What we talk about when we talk about inequality
By Neil deMause
In a year that has featured increased coverage of rising economic inequality—helped along by President Barack Obama’s call to rebuild the economy from the “middle out,” and New York mayoral candidate Bill de Blasio’s campaign focus on a “tale of two cities”—one of the biggest flurries of attention came in late July, when four professors from Harvard and Berkeley released a study (NBER, 7/13) of economic mobility in the United States. Their finding: Someone hoping to lift themselves from the bottom of the income scale into the middle class or above faces much longer odds in certain parts of the country, particularly the Deep South.
As a result, reported David Leonhardt in a front-page story in the New York Times (7/22/13):
On average, fairly poor children in Seattle—those who grew up in the 25th percentile of the national income distribution—do as well financially when they grow up as middle-class children—those who grew up at the 50th percentile—from Atlanta.
The report made headlines across the nation. “Upward Mobility Is Bay Area Challenge,” reported the Tampa Bay Times (7/23/13). “People born poor [in Ohio urban
areas] are more likely to stay poor,” wrote the Cincinnati Enquirer (7/23/13). The PBS NewsHour (7/24/13) brought on one of the study’s authors, Harvard economist Raj Chetty, to try to answer the question, “Is the American dream alive, and how does it vary across areas of the U.S.?”
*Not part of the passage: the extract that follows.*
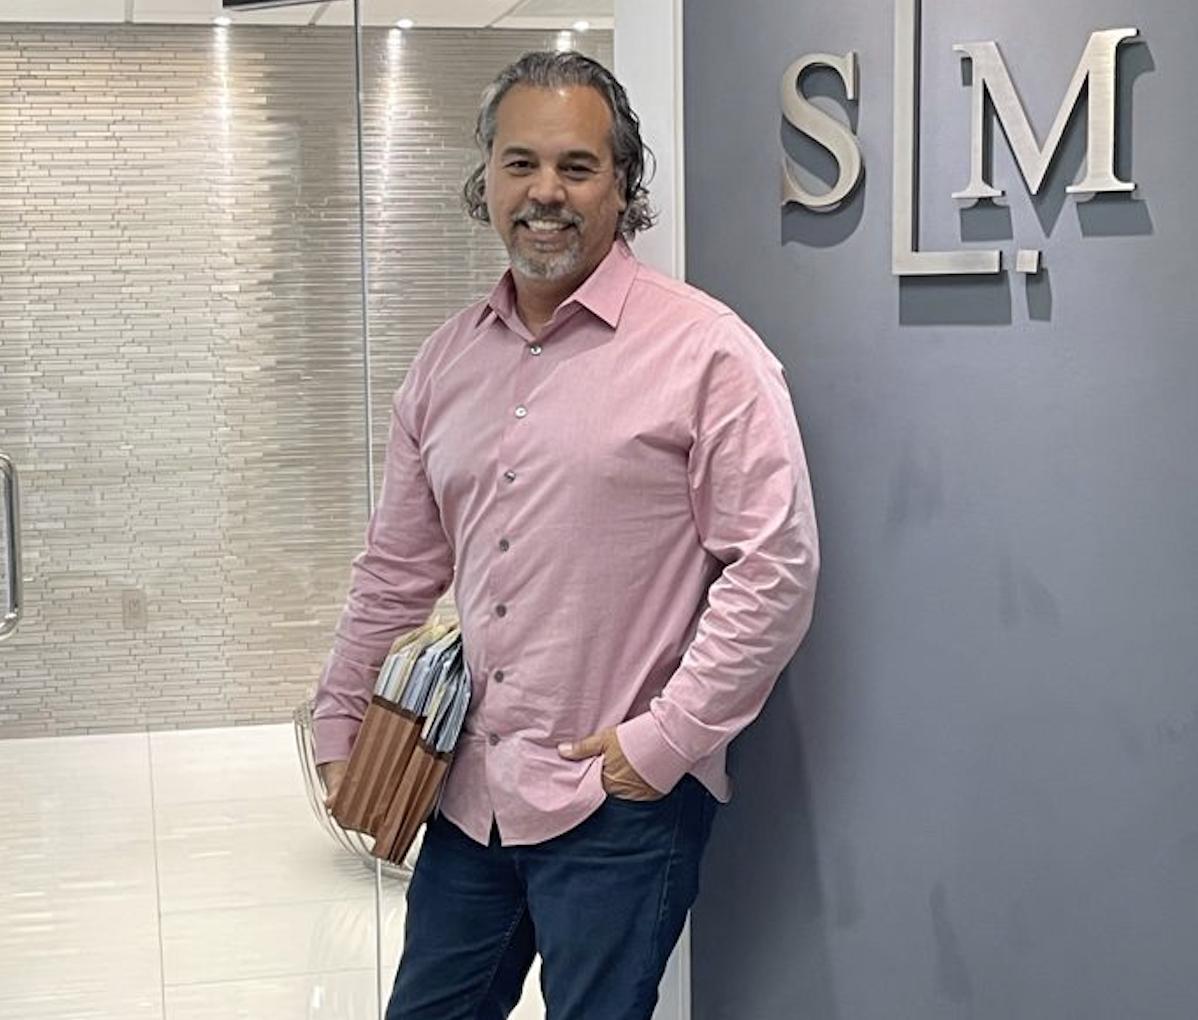 Mr. 786ABOOGADO Establishes a Powerful Presence in Miami-Dade's Hispanic Community

CNN’s Fareed Zakaria, meanwhile, devoted two separate segments to the story (8/4/13, 8/18/13). First Zakaria interviewed Chetty—plus self-proclaimed “radical centrist” economist Jeff Sachs, libertarian columnist Megan McArdle and Brookings Institution inequality skeptic Scott Winship—to discuss the study. He then delivered an on-air op-ed that cited Canadian economist Miles Corak as noting that “America spends much less on the education and well-being of poor people, especially poor children, than any other rich country”—though Zakaria also noted that “the U.S. has many more broken families, single parents and dysfunctional domestic arrangements than Canada and Europe.”
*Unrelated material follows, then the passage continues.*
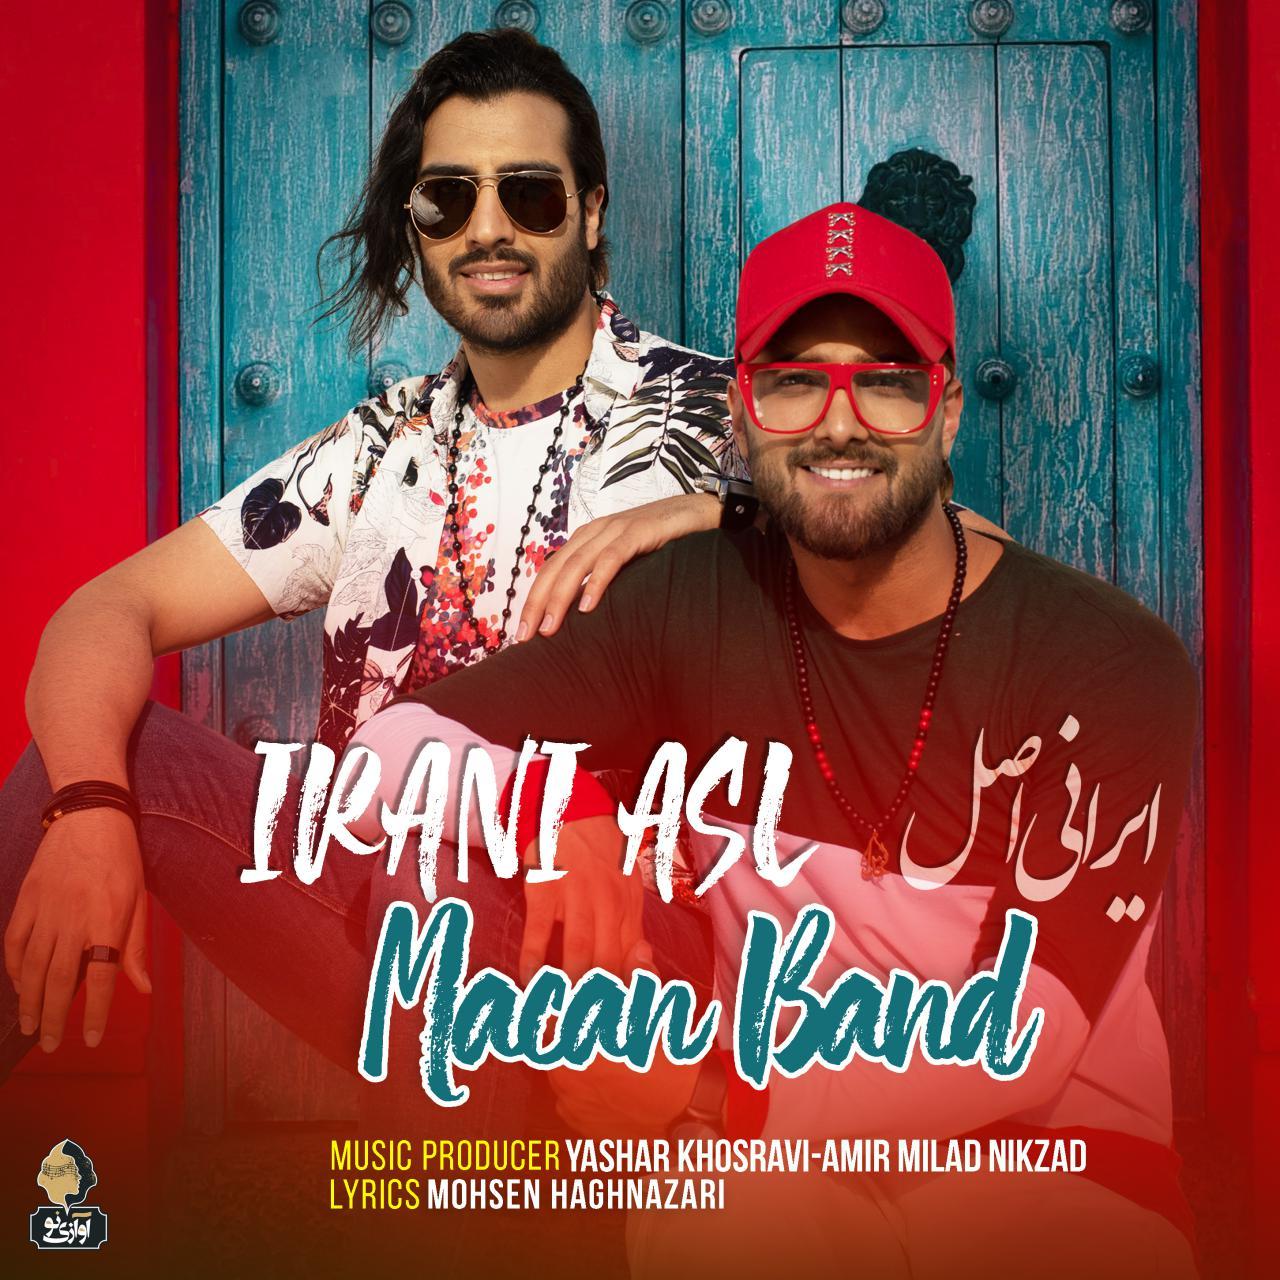 Macan Band – Irani Asl

The mobility study was indeed important news—though it was the rare story that mentioned that if the ability to rise in economic class is your main criterion, the American dream is far more alive in Denmark and the United Kingdom that anywhere in the United States (Guardian, 1/17/12). But in focusing solely on whether some poor Americans can swap places with those in the middle or upper classes—and pinning the blame for those who can’t on poor education or single moms, things that the Harvard/Berkeley study, which focused solely on the role of regressive state tax systems in decreasing income mobility, didn’t address—media coverage skirted the larger issue: the growing distance between top and bottom earners.
Corporate media took far less notice back in January when another of the NBER study’s authors, Berkeley economist Emmanuel Saez, released a report showing that in the first two years of the economic recovery, the top 1 percent of U.S. earners saw their earnings rise by 11.2 percent, while the other 99 percent saw their incomes fall by 0.4 percent. Three weeks later, the New York Times (2/15/13) reported this in its business section under the headline “Incomes Flat in Recovery, but Not for the 1 Percent.” But that was it for attention to the growing gap between rich and poor—unless you count a much-cited Wall Street Journal article (2/13/13) headlined “What Recession? Americans Regain a Craving for Luxury.”